*About this exercise:* All lines from the one containing "Calvin Klein Sweatshirt" through the last line of the listing below are to be copied exactly. Exclude the pictures.

*Data shown:*
'''
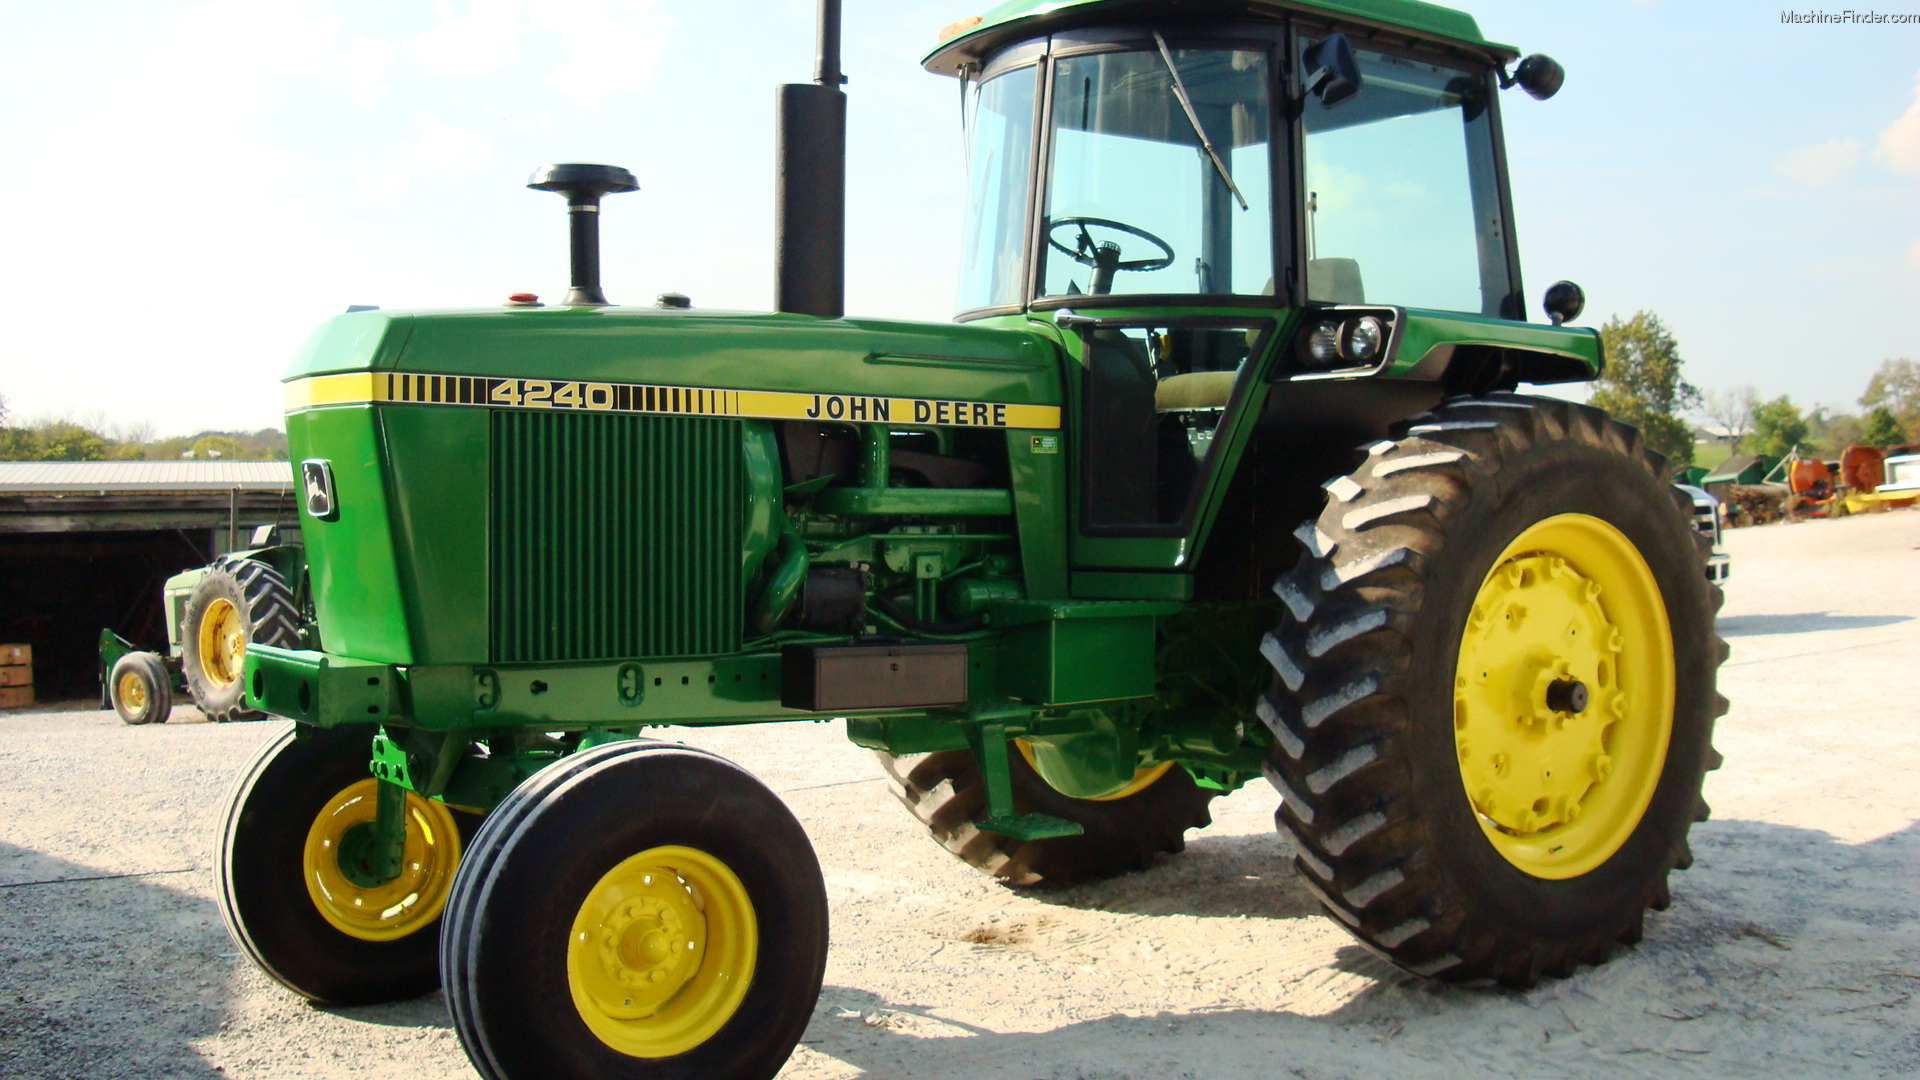 1978 John Deere 4240 Tractors - Row Crop (+100hp) - John Deere ...
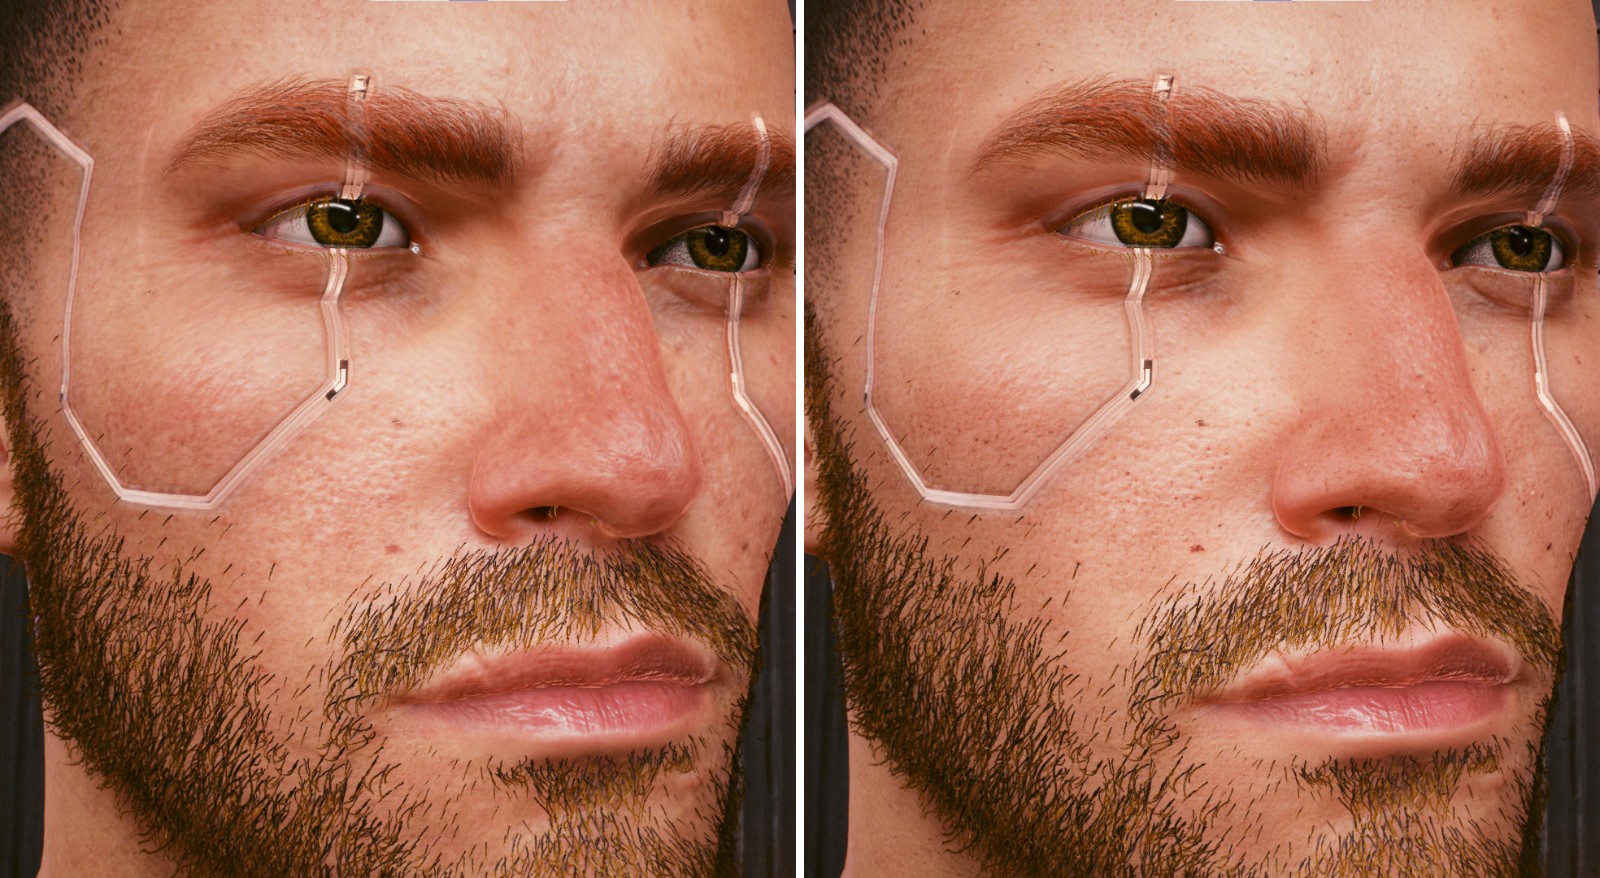 《電馭叛客2077》4K高清面部和身體Mod 毛孔清晰可見
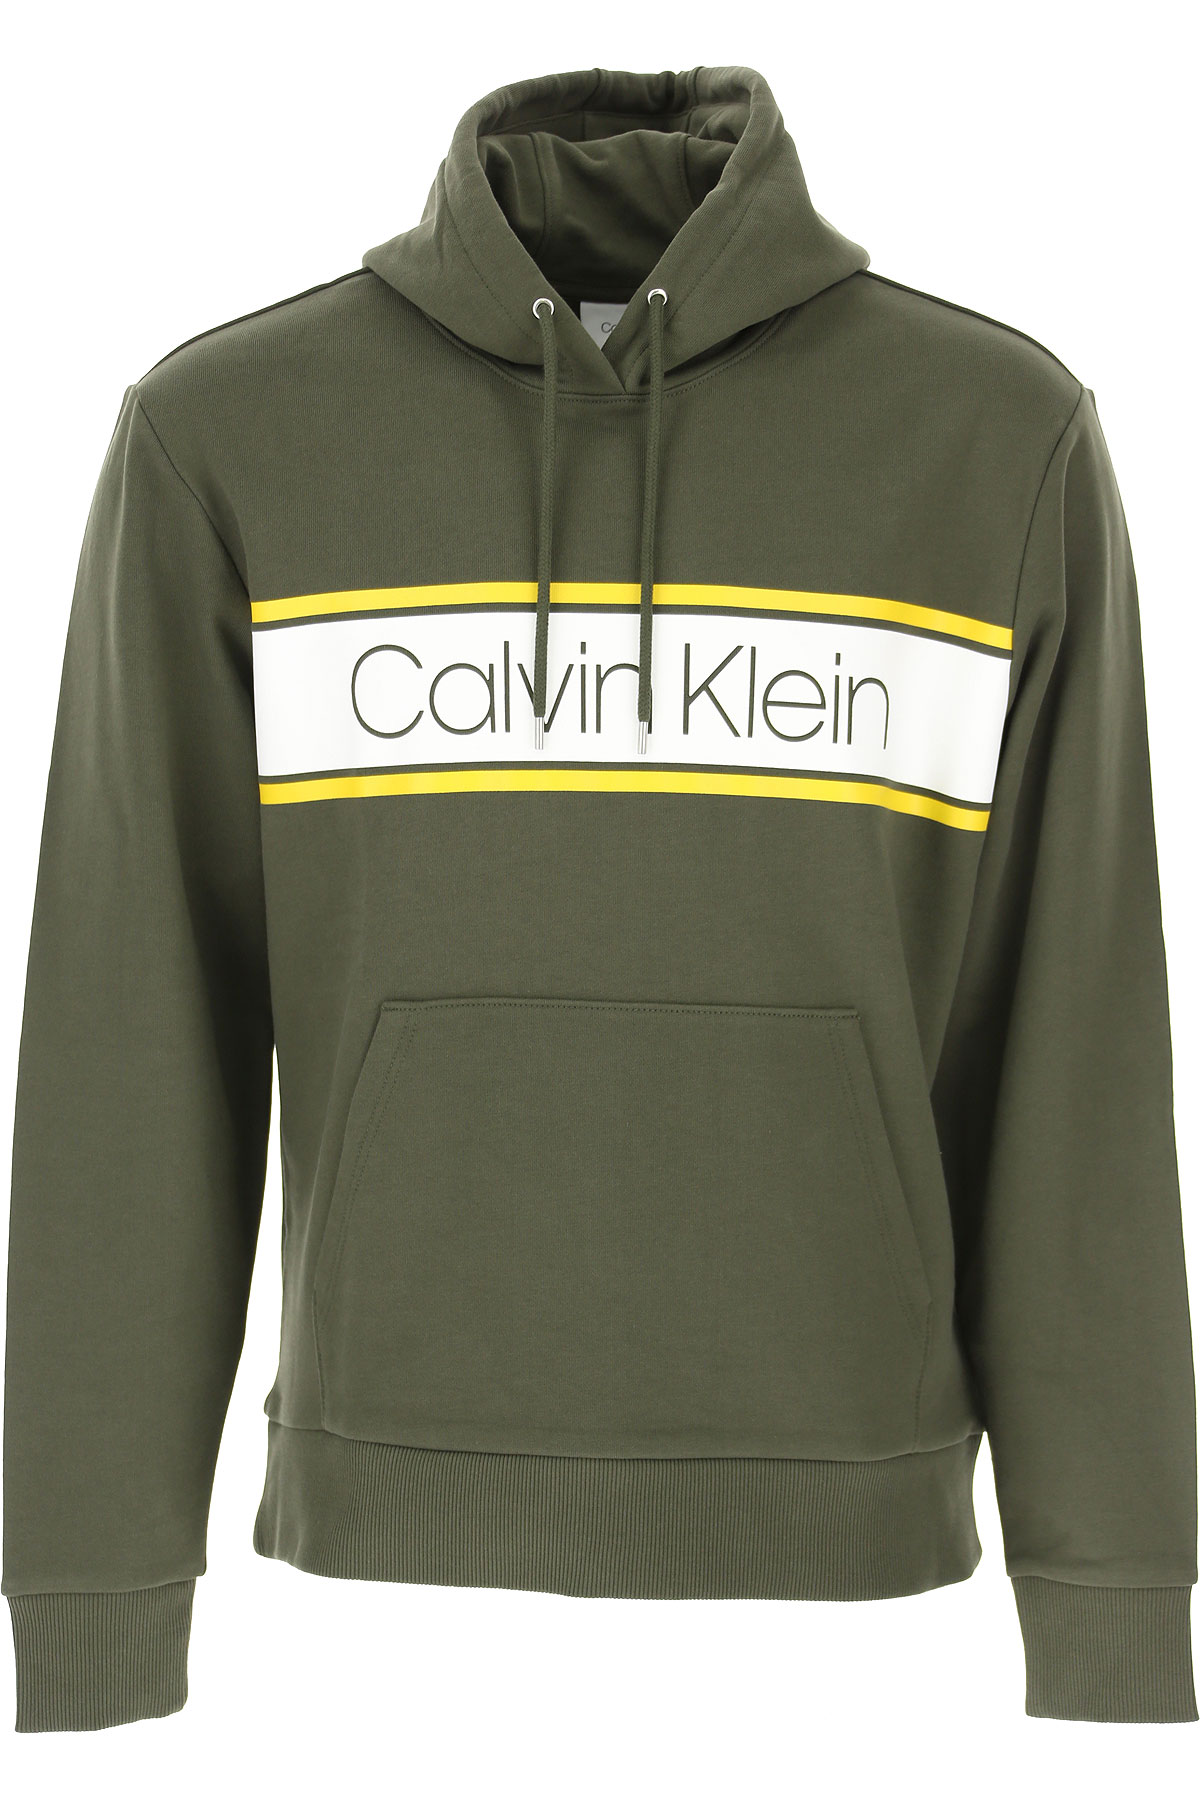 Calvin Klein Sweatshirt für Herren, Kapuzenpulli, Hoodie, Sweats Günstig im Sale, Dunkel Olivengrün, Baumwolle, 2017, L M
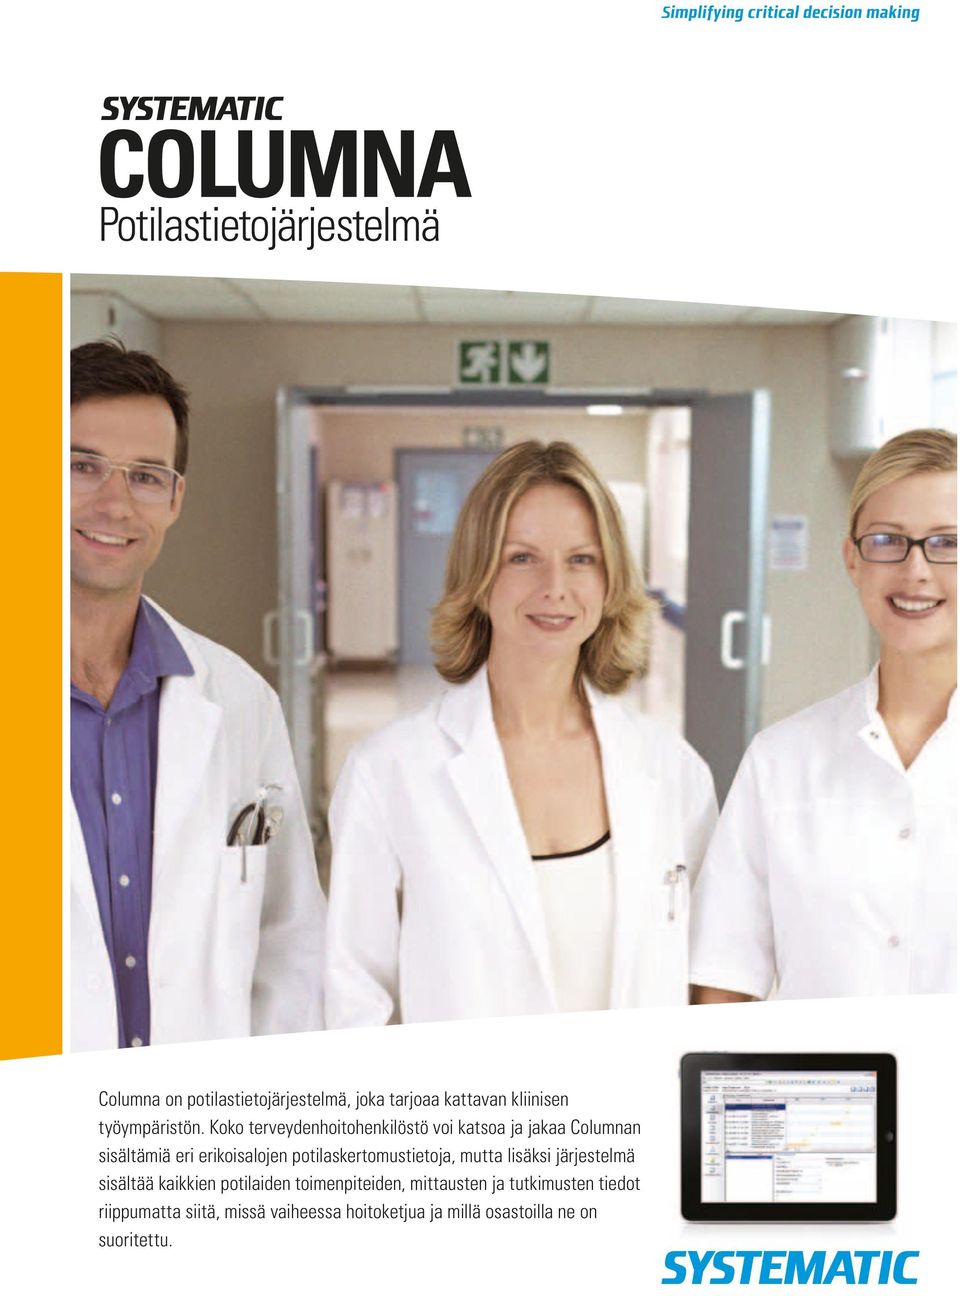 Koko terveydenhoitohenkilöstö voi katsoa ja jakaa Columnan sisältämiä eri erikoisalojen
'''
*Response to this exercise:*
 Calvin Klein Sweatshirt für Herren, Kapuzenpulli, Hoodie, Sweats Günstig im Sale, Dunkel Olivengrün, Baumwolle, 2017, L M
 Koko terveydenhoitohenkilöstö voi katsoa ja jakaa Columnan sisältämiä eri erikoisalojen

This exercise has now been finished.